> EXERCISE GOAL: Everything from the line containing "30 Great Rectangular" to the end of the listing, both included, should be returned exactly, apart from the pictures.

> DATA:
○ ○ ○

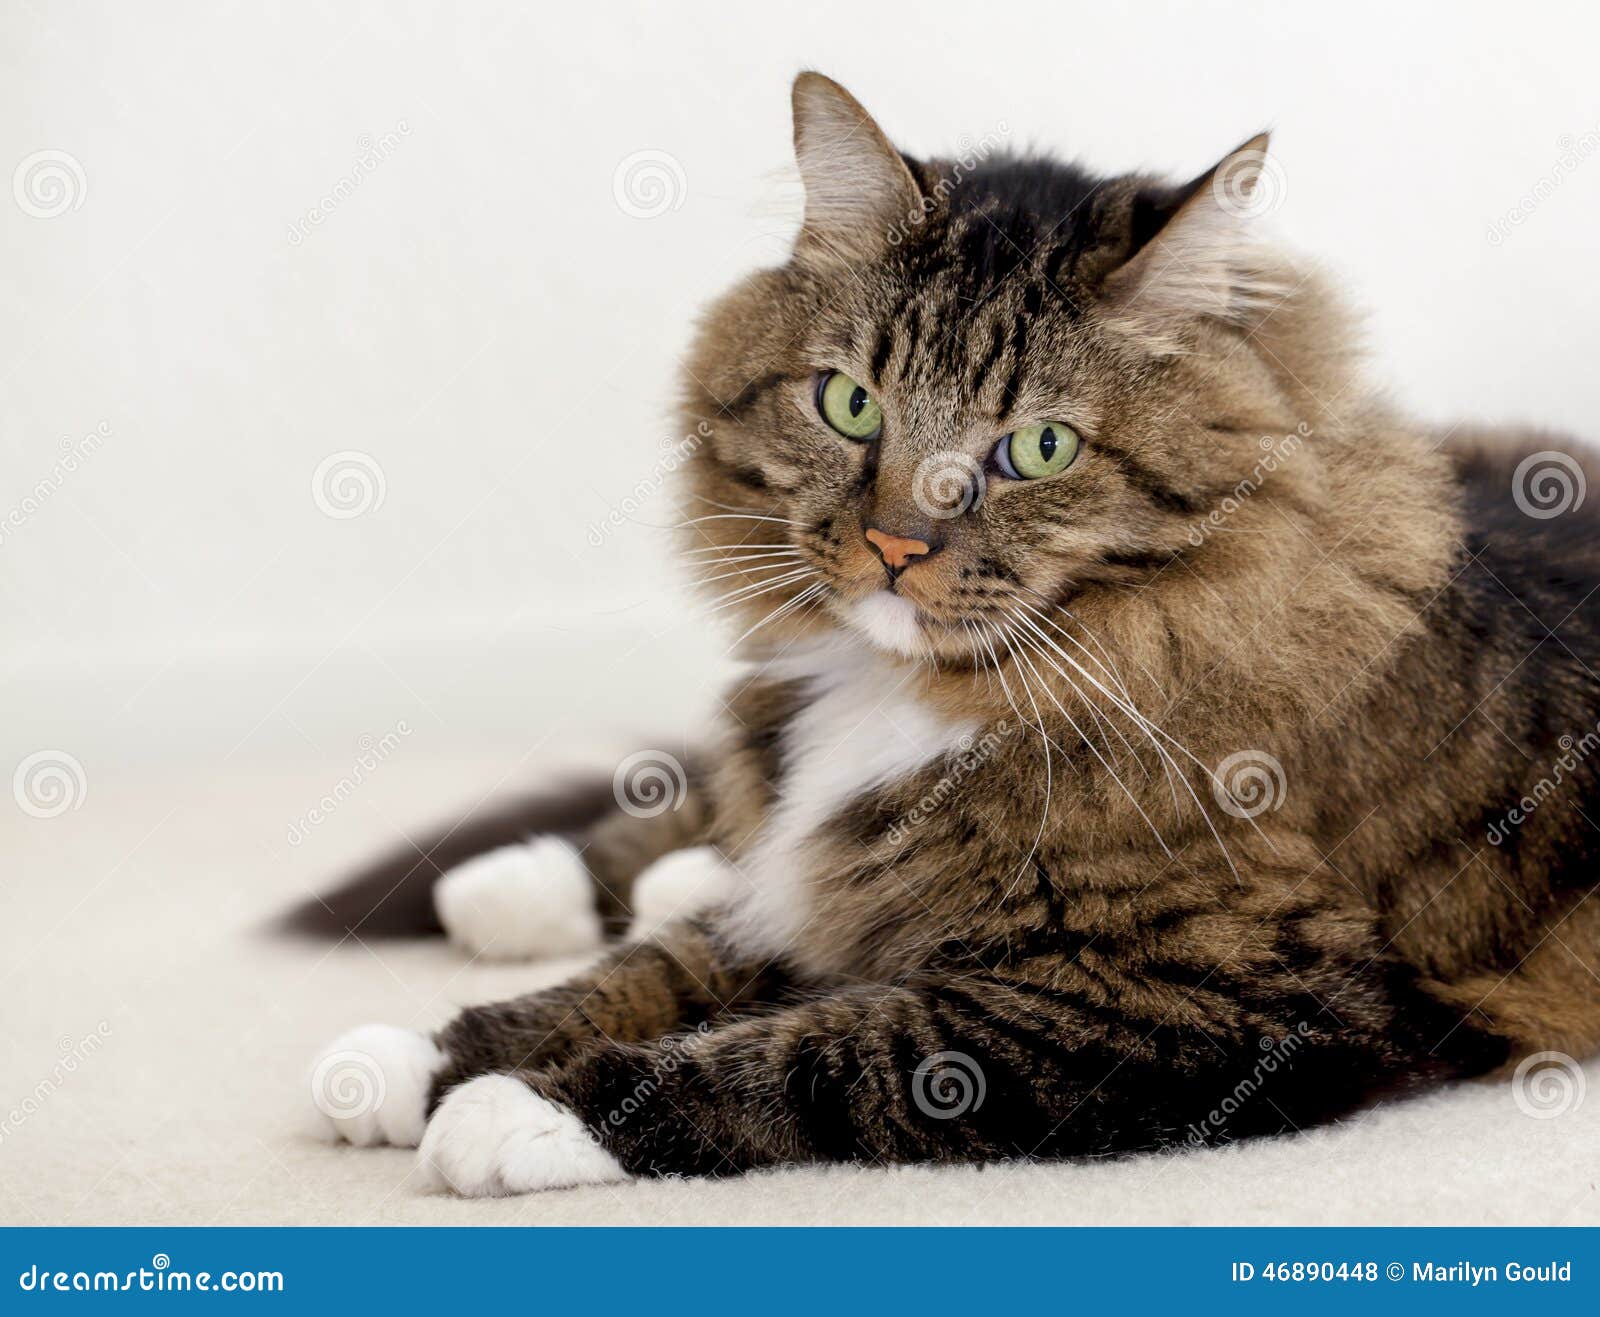 Long Hair Tabby Cat stock photo. Image of gould, mammal - 46890448
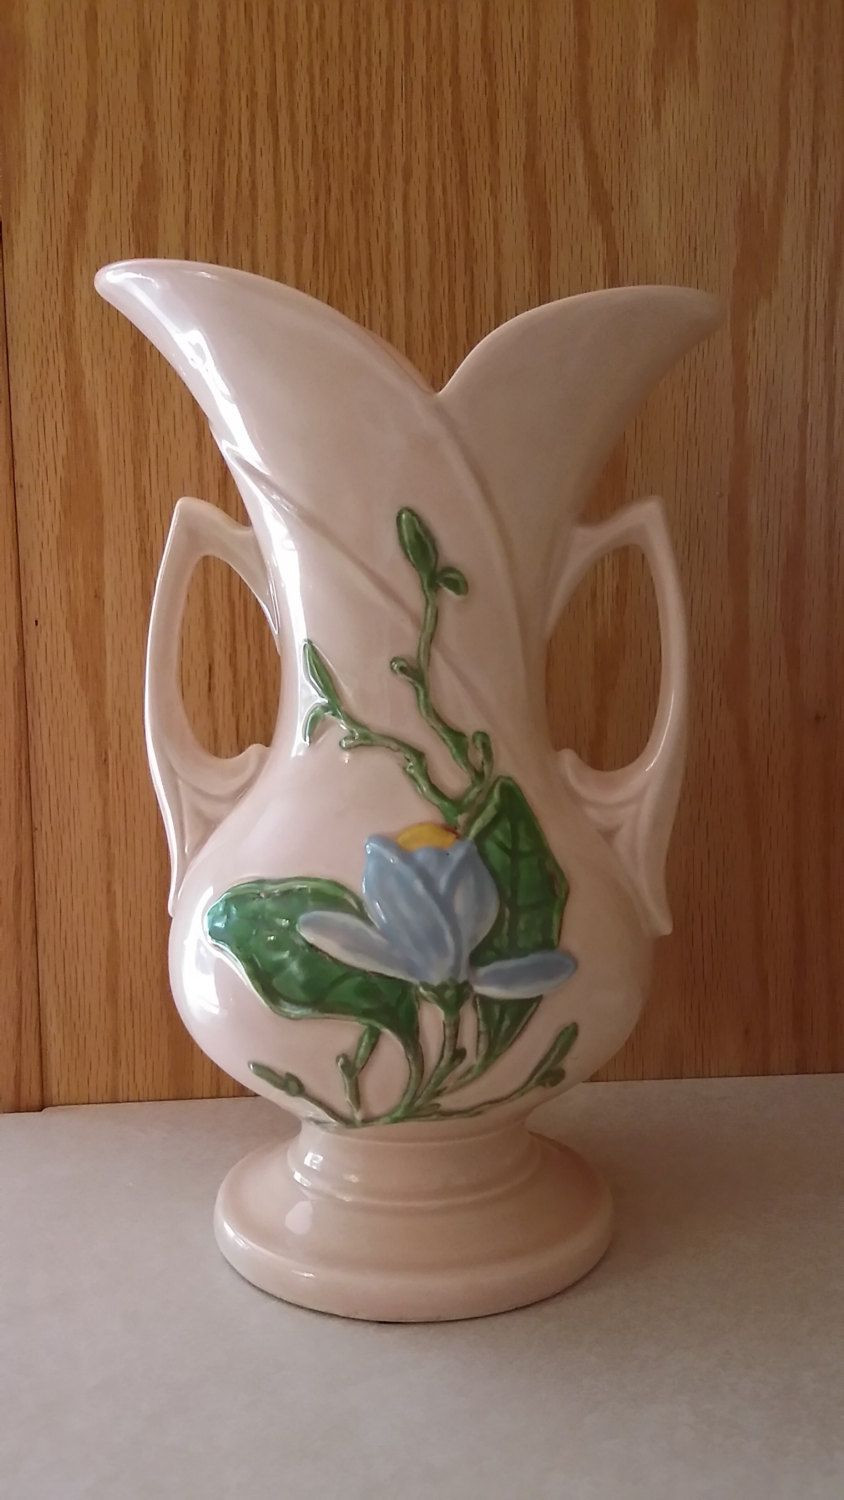 30 Great Rectangular Ceramic Vase 2023 free download rectangular ceramic vase of vtg hull art pottery blue magnolia handled h 12 vase pottery with vtg hull art pottery blue magnolia handled h 12 vase from daisysattic hull art pottery
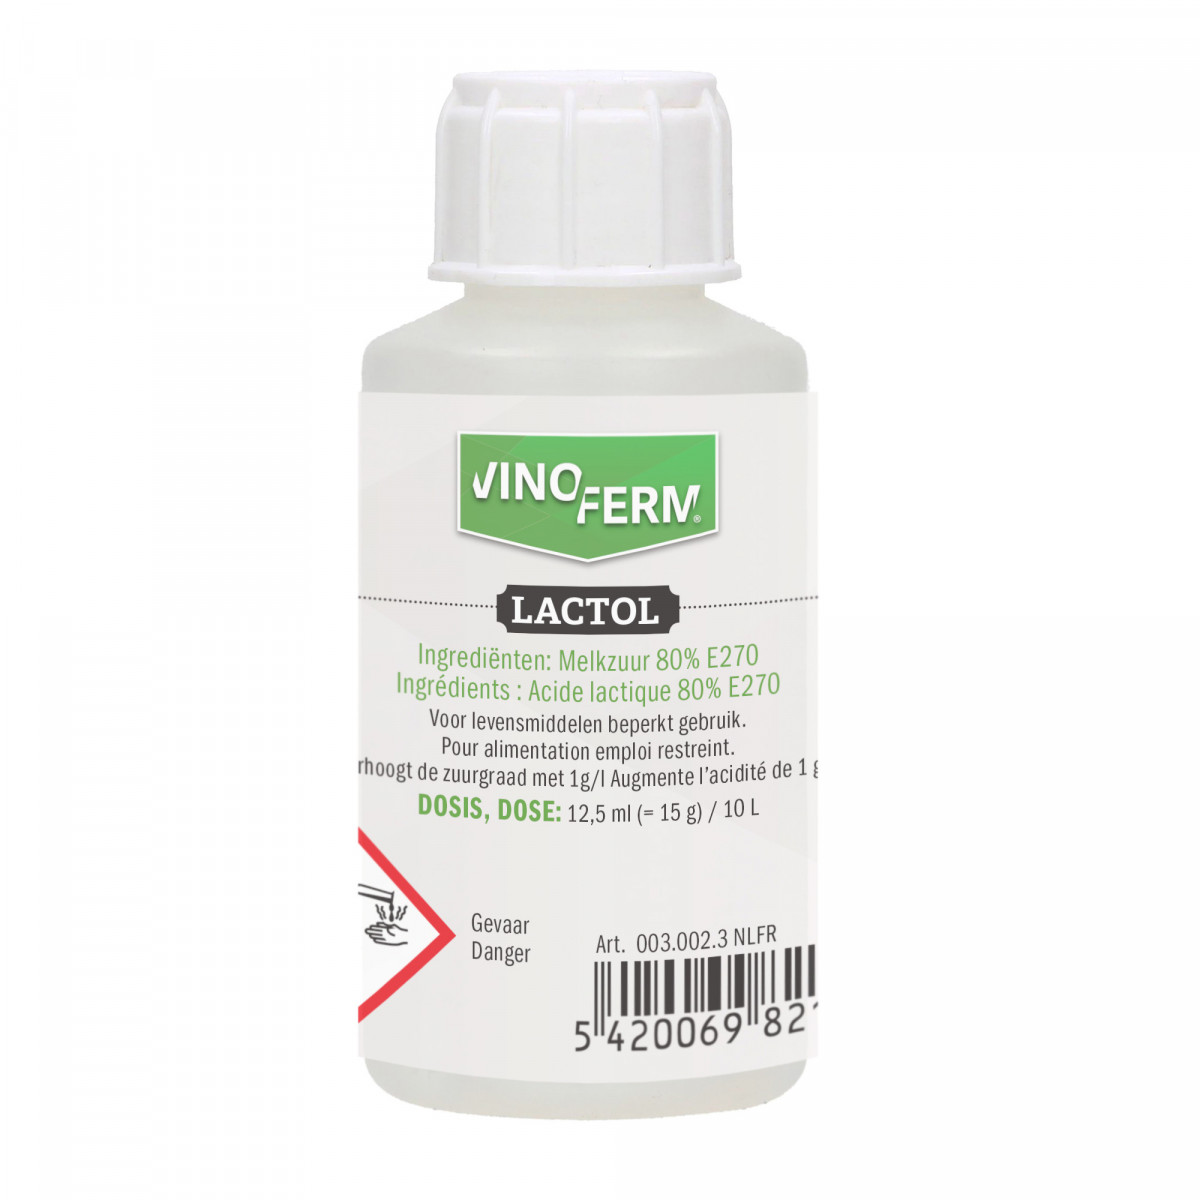 lactic acid 80% VINOFERM lactol 100ml NLFR

○ ○ ○

> PROBLEM SOLUTION:
 30 Great Rectangular Ceramic Vase 2023 free download rectangular ceramic vase of vtg hull art pottery blue magnolia handled h 12 vase pottery with vtg hull art pottery blue magnolia handled h 12 vase from daisysattic hull art pottery
 lactic acid 80% VINOFERM lactol 100ml NLFR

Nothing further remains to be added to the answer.